Bob, what I read about Mayen is that the town is flooded, and that it’s worse than 2016.
I do not know about Mohr‘s shop.
As bad as it is, obviously they do not have the real bad damages of other regions where houses, blocks and streets have completely gone and several people died.
As far as I know there has never been a flood like this one and I really hope there will never be another!
Chris,
Helmut told me about the Nette River and it must move fast enough to run a dynamo/turbine and power a machine shop.
After WW2 and in 1947 when his father came home from a French POW camp they installed this system in what is now his shop.Helmut was only about 8 years old then and maybe 83 now.It has been a problem over the years for him and now it may have taken him out of the muzzle loader business for good.He told me his father made a machine to rebore engines and used the barrels from four 50 caliber machine guns salvaged from an American B17 that landed in the forest near Mayen and he commented on the quality of the steel they were made from.Guenter Stifter told me that he thought the do it
yourself power source made no sense because electricity had been available for years.

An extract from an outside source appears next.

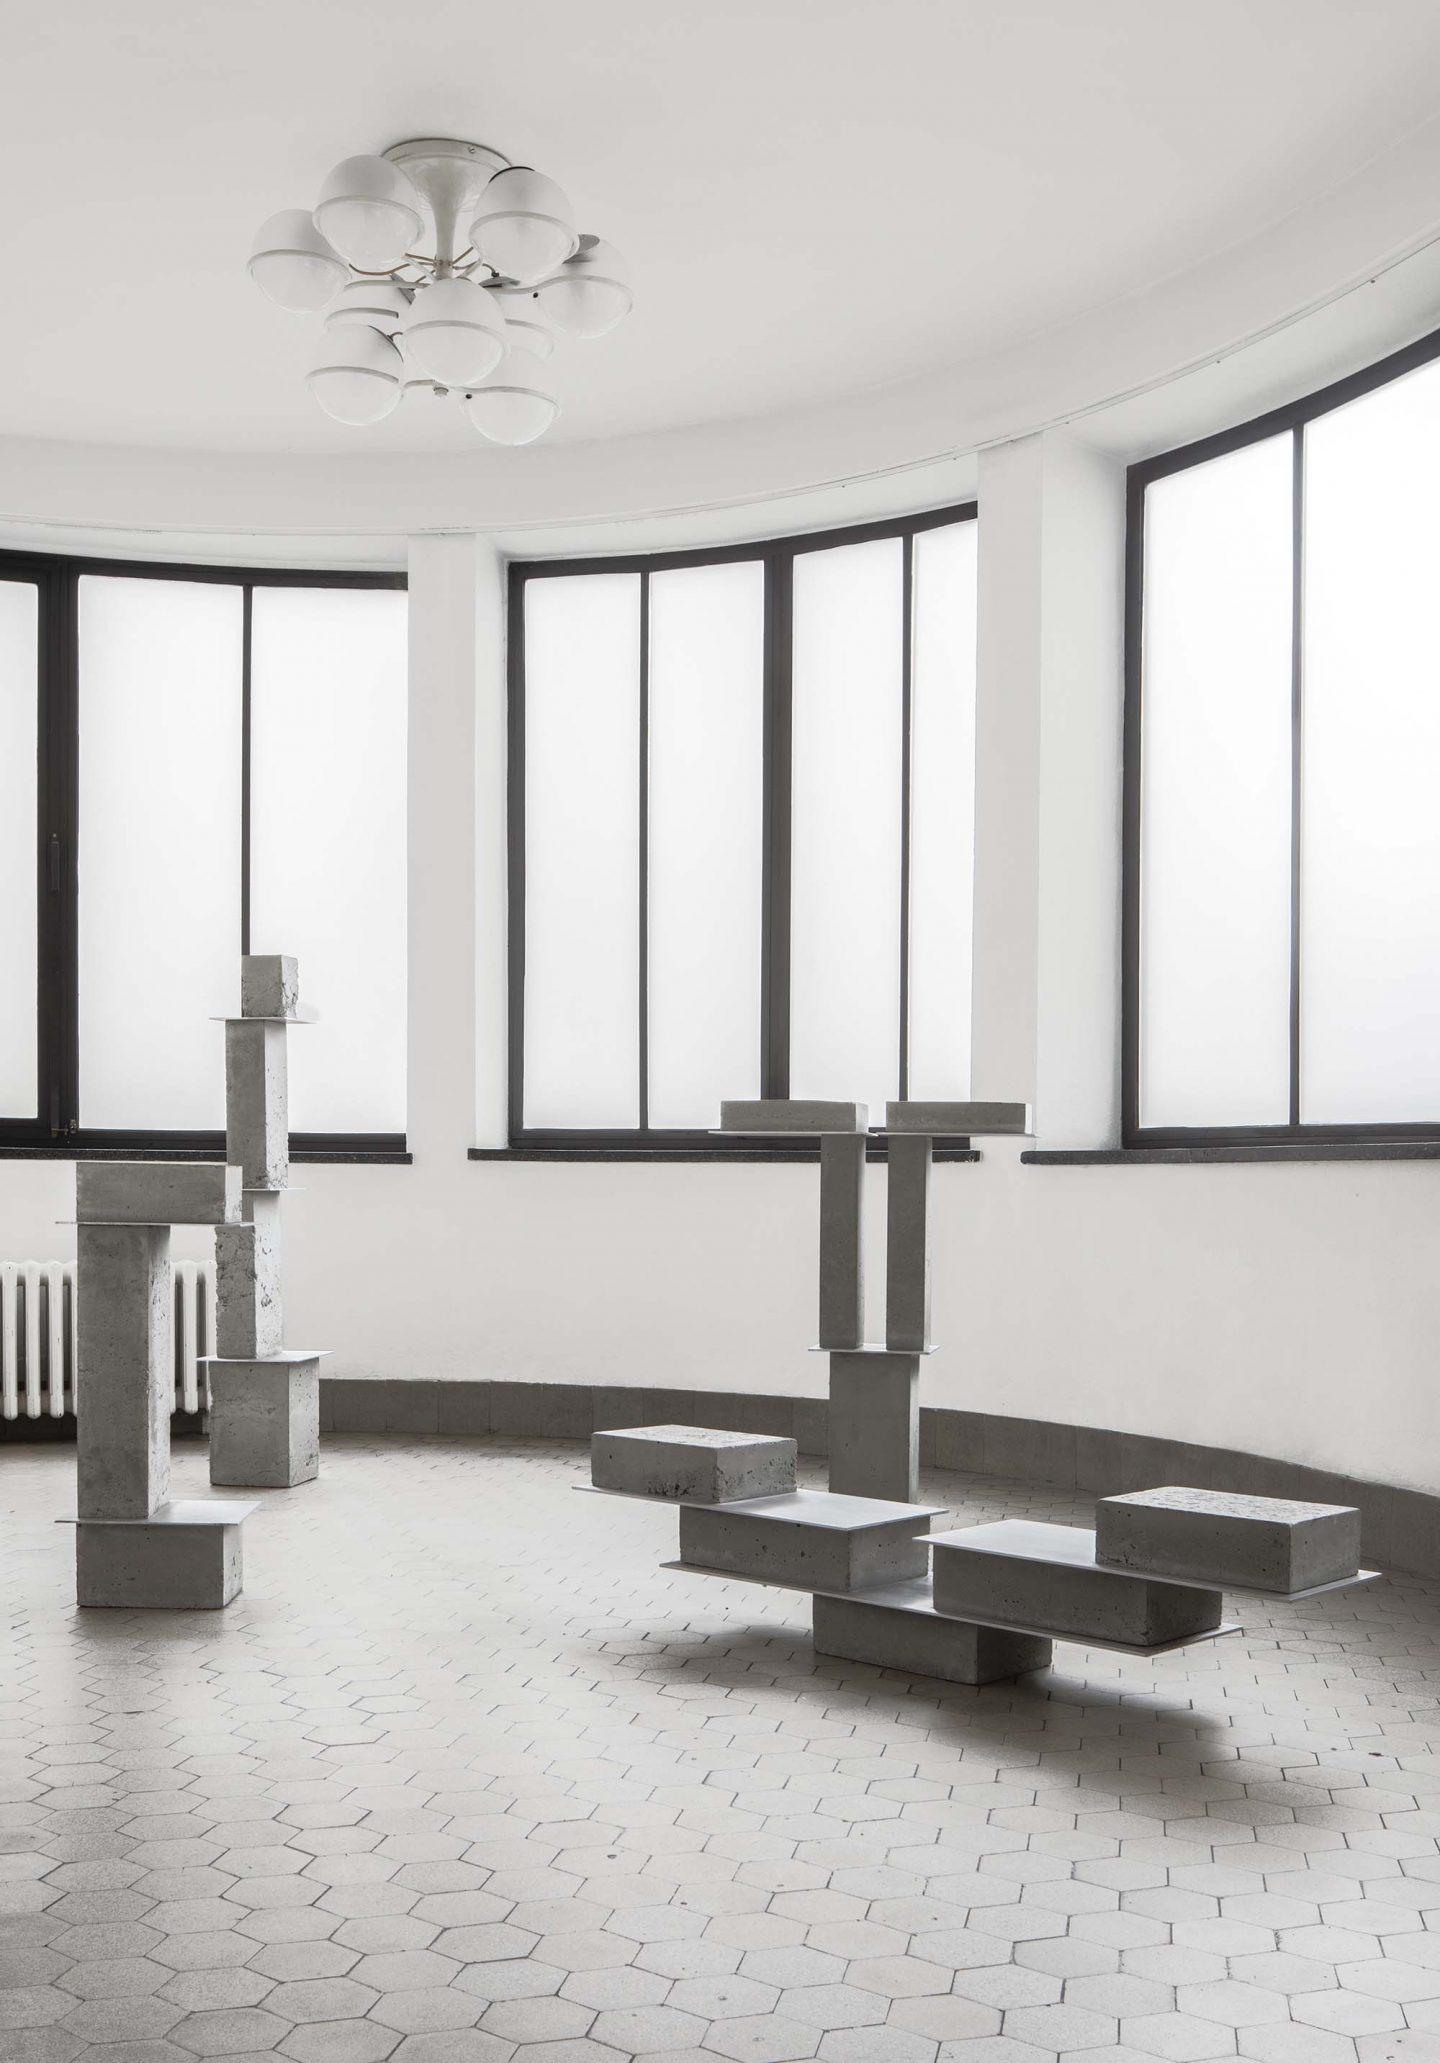 IGNANT-Design-Bram-Vanderbeke-36

We live in WestVirginia in the Eastern USA and in the Ohio Valley and the Ohio River which is a big one is about 3/4 of a mile North of where I am now sitting as I write this. My home on Monroe Ave is in the large flat part of the valley and was
occupied as a home for the first time in 1906.In 1913 the river came up and water was deep in houses including this one.
Again in 1937 it was even worse and this house has a high water line that intersects the light switch in the front room.

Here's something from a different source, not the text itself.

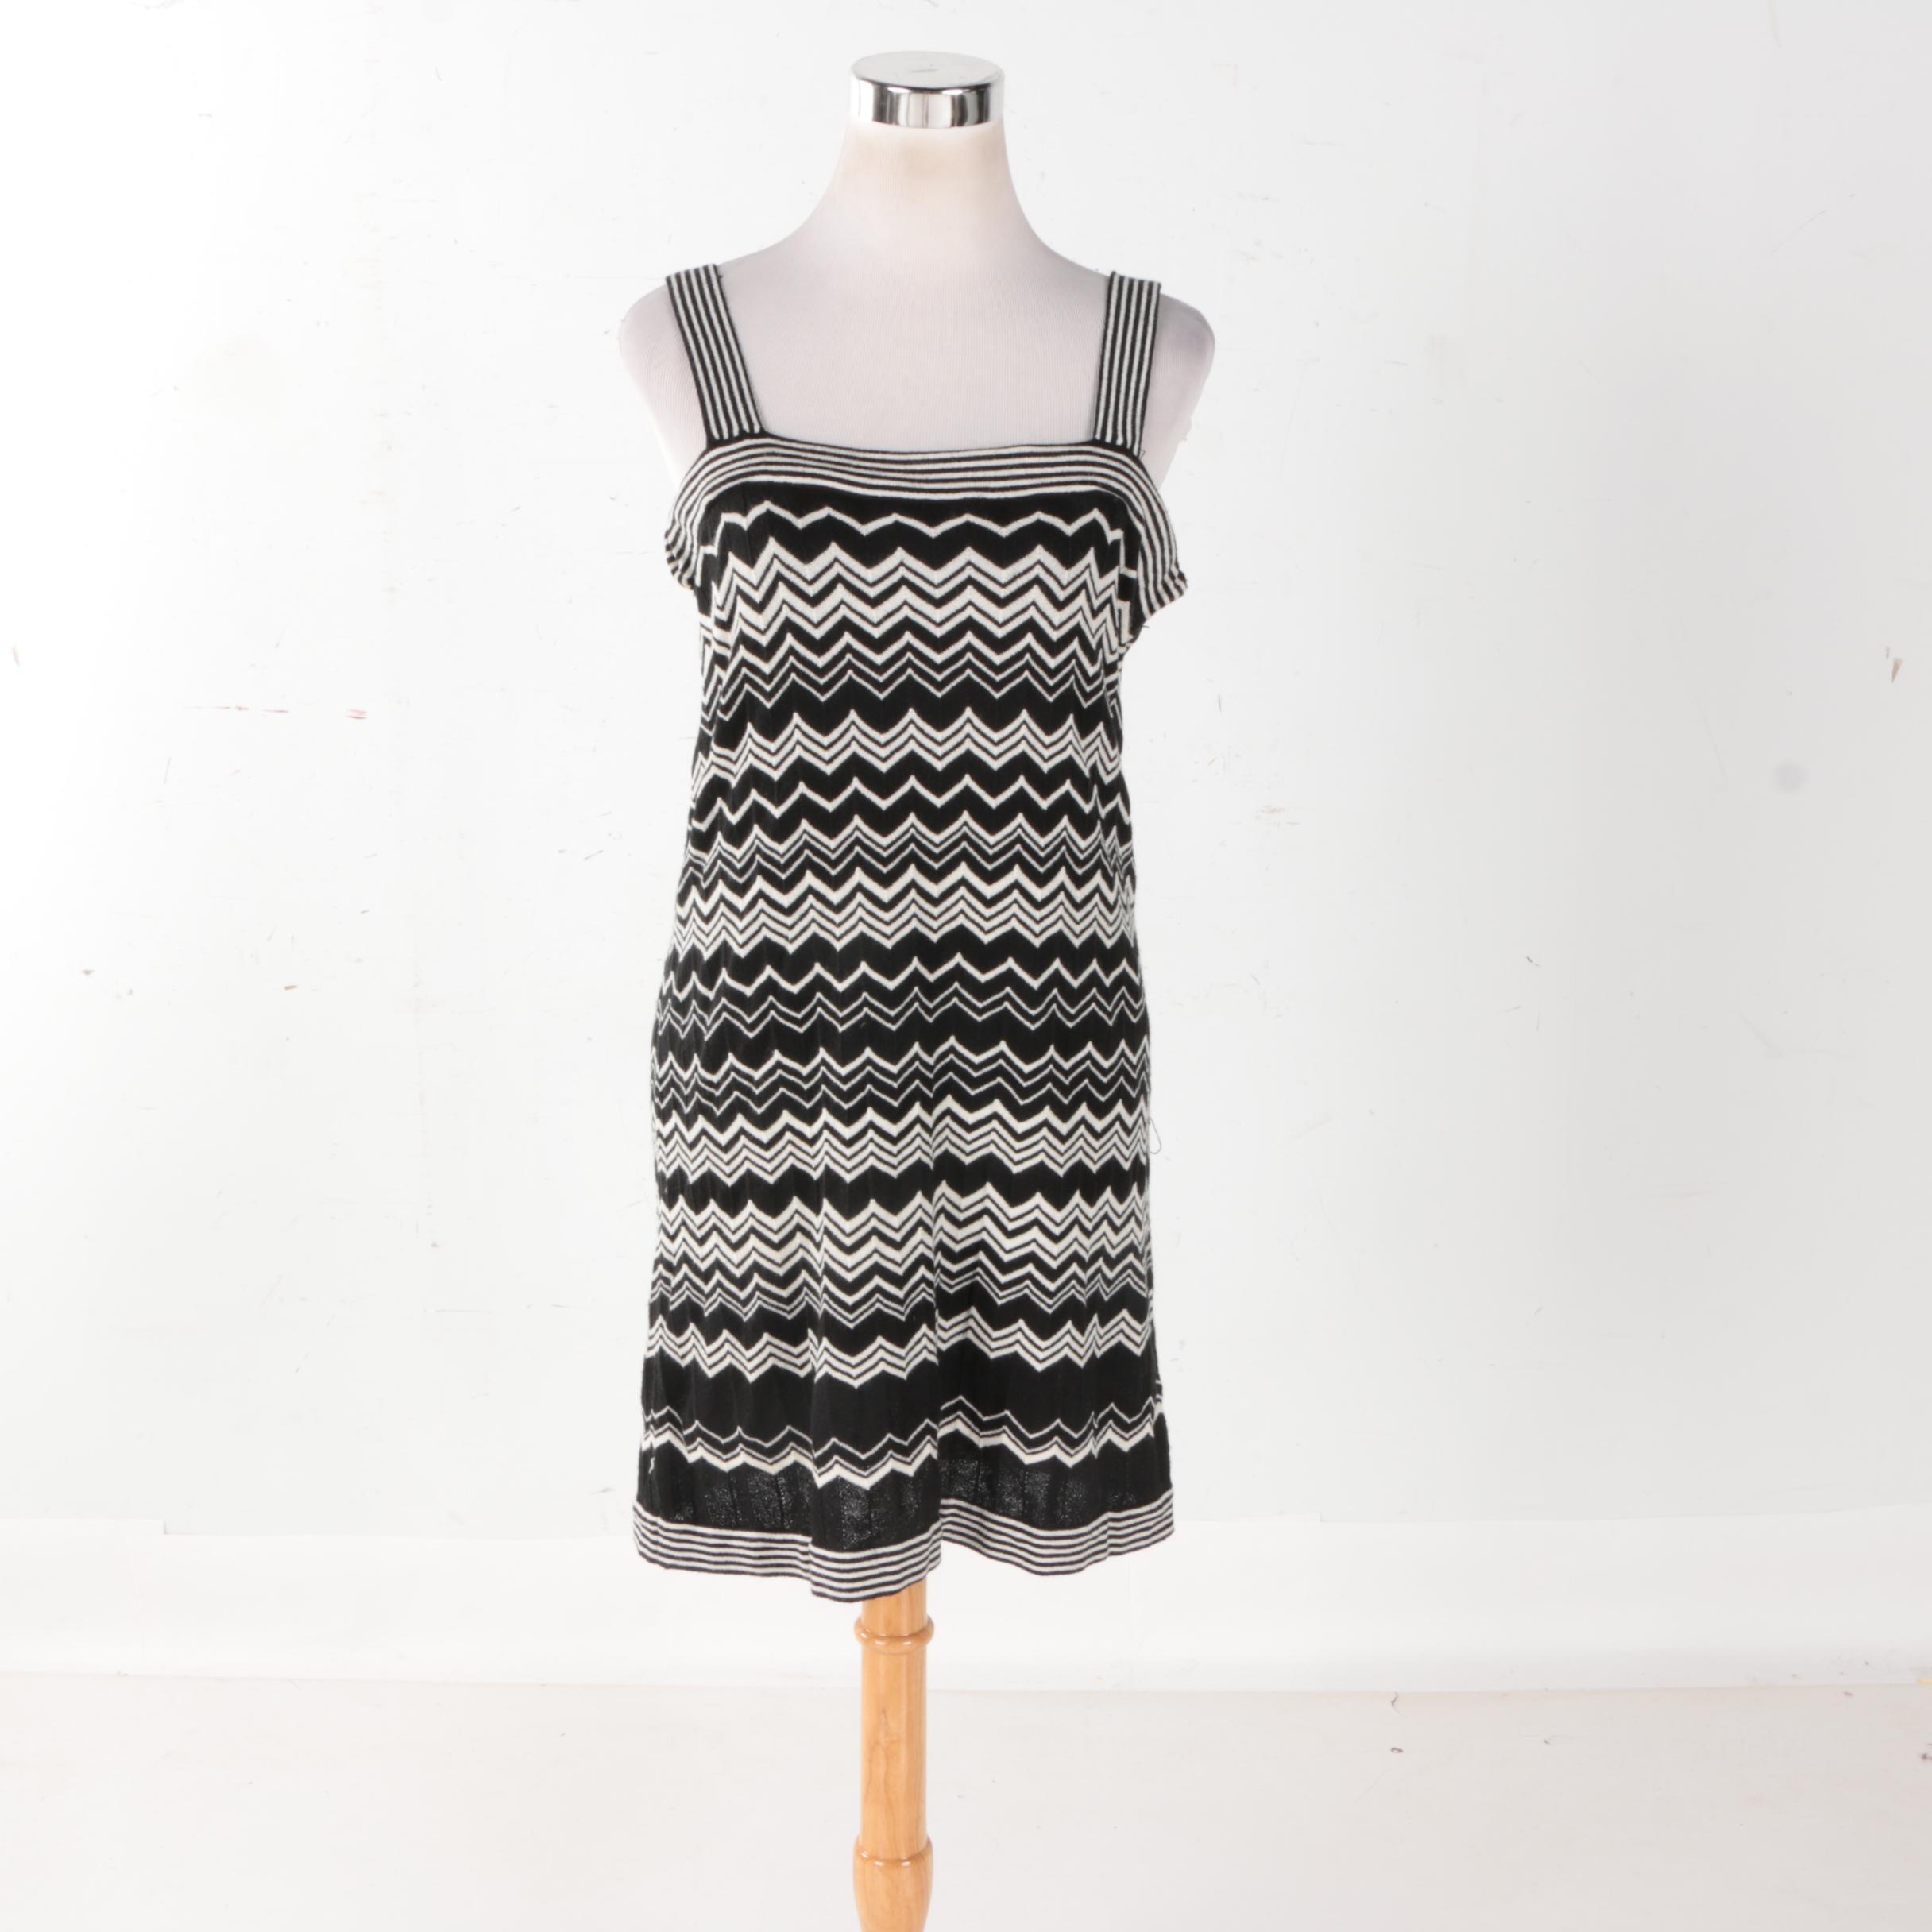 Missoni for Target Black and White Chevron Dress

It was THEN that people started demanding something be done to prevent this.The religious faction said "It was the will of God and we learn to live with it" Common sense prevailed and the Corps of Engineers designed and built a fine flood wall that has kept the level part of the city dry since 1943.In 1949 I was 13 and stood on top of the floodwall and spit into river and
that was close.I forrgot to mention we live in Huntington which was the largest city back then in our state.
Thank you for your input on Mayen and the towns harder hit.